How AI will change SW Engineering
How AI will change SW Engineering home

Risks + Governance: Managing the Transition

AI adoption creates new engineering risks: false confidence, insecure generated code, intellectual-property ambiguity, secret leakage, duplicated logic, review overload, and skill atrophy. Governance should enable safe speed, not block useful experimentation.
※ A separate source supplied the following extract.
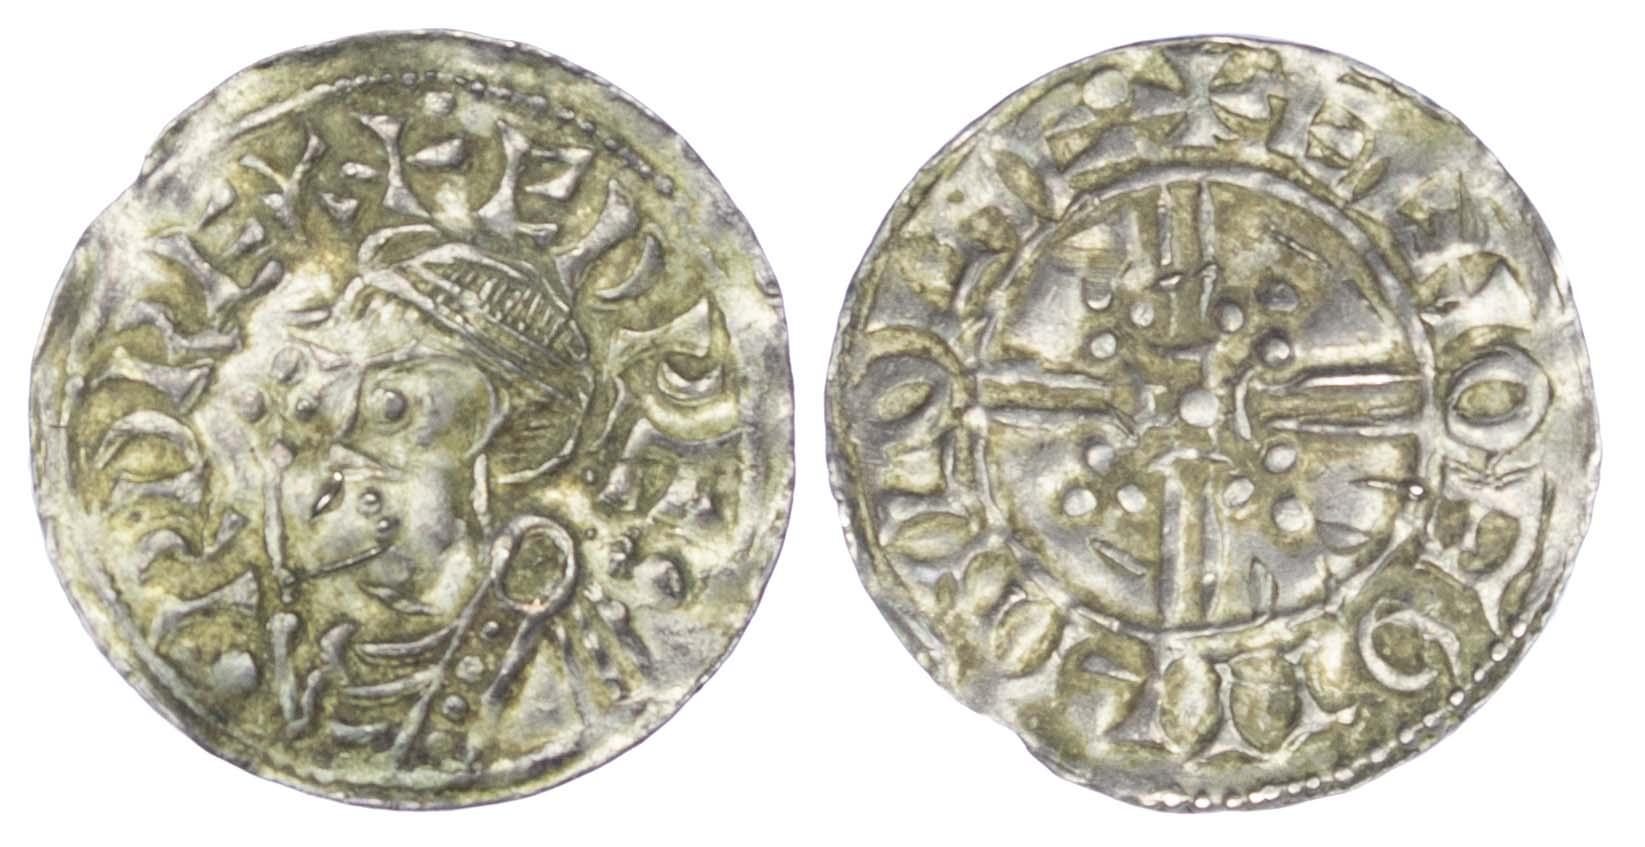 Edward the Confessor (1042-1066), Penny, Trefoil Quadrilateral, Lincoln

Why this changes the profession: governance becomes part of everyday engineering, not a compliance afterthought. Teams need explicit policies for data, generated code, model use, review depth, and accountability.

Risk map

Correctness risk

Generated code can pass superficial review while being wrong under concurrency, scale, edge cases, or unclear requirements.

Security risk

AI may generate insecure patterns, mishandle auth, expose secrets, or introduce vulnerable dependencies. Pair assistants with tools like Snyk DeepCode AI and SonarQube.

Technical debt

Cheap code can increase duplication, churn, dead paths, and inconsistent abstractions unless architectural ownership remains strong.

Skill atrophy

Engineers who outsource thinking may lose debugging and design muscles. AI should be used to learn faster, not avoid understanding.

Governance practices

  • Define allowed data: rules for source code, customer data, logs, credentials, private docs, and vendor retention.
  • Require checks: tests, type checks, linting, SAST/SCA, code owners, and production monitoring.
  • Mark AI-authored sensitive changes: migrations, auth, crypto, payments, privacy, safety, and infrastructure deserve extra review.
  • Protect the junior pipeline: require explanations, pair review, and post-change learning so AI use develops talent rather than hiding gaps.
  • Measure outcomes: throughput, quality, security, stability, reviewer load, incident rate, and developer experience.
Adoption warning: “AI generated it” is not a quality claim. The accountable unit remains the engineering team.